Tout ce beau monde converge vers le lieu saint dans une communion totale et sans heurts pour aller voir une cavité creusée dans une roche du sommet censée représenter l'empreinte du pied de leur champion.

Quelque 5300 marches de différentes tailles et de diverses distances les unes des autres mènent au sommet qui culmine à 2243 mètres. Nous doublons rapidement nos amies Tchèques qui peinent dès les premières marches, c'est bête, elles étaient parties bien avant nous.  
Des pèlerins sont en train de descendre de leur ascension nocturne. Ceux-ci ne sont pas venus admirer le lever du soleil, ils sont là par Foi et conviction religieuse. Nous sommes admiratifs face à ces pèlerins souvent âgés ou par les jeunes mamans avec le bébé dans les bras, par ces enfants les yeux mi-clos de sommeil et d'épuisement, mais qui ont encore la force de nous sourire. Ils sont presque tous en sandales, mais beaucoup sont carrément pieds nus. Respect.

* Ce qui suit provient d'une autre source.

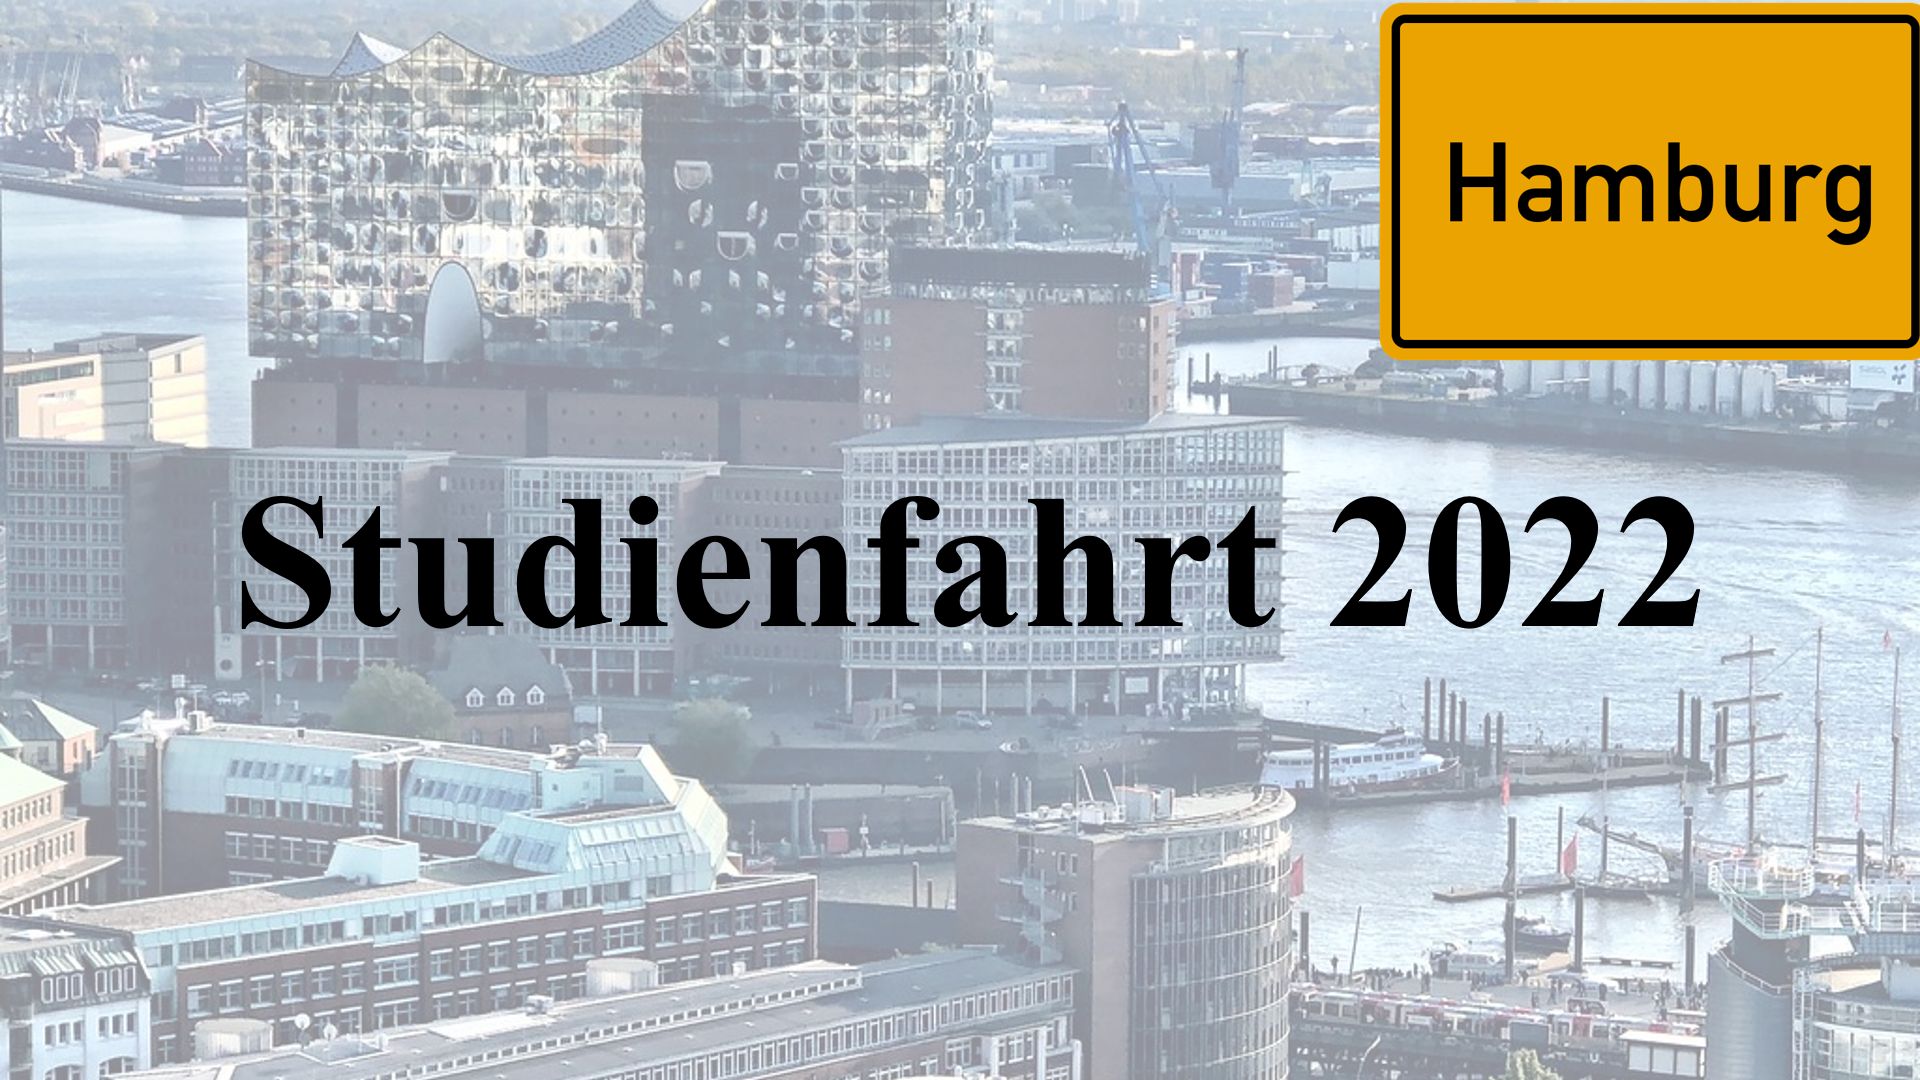 Studienfahrt 2022 - Hamburg

Nous progressons lentement tous ensemble, et commençons à faire connaissance avec nos compagnons de route. Le jeune Woo qui, en bon Coréen qu'il est ne comprend pas très bien la riche langue de Molière. Notre anglais va devoir rivaliser avec le sien, il sera très patient. La fameuse sagesse millénaire des Asiatiques...
Le sportif Youcef, ma fille Tiphaine et Fanny la femme d'André (les Srilankais ont un sacré sens de l'humour !) nous arrivent de Paris quant à Alex le surfeur aux cheveux courts, de Biarritz. Sept paires de gambettes en marche vers la gloire. Ne manque que Blanche Neige pour tous nous accompagner.
Les débuts sont relativement faciles et permettent un échauffement en douceur. De toute façon, nous ne sommes pas encore très bien réveillés alors le corps se meut sans même s'en rendre compte.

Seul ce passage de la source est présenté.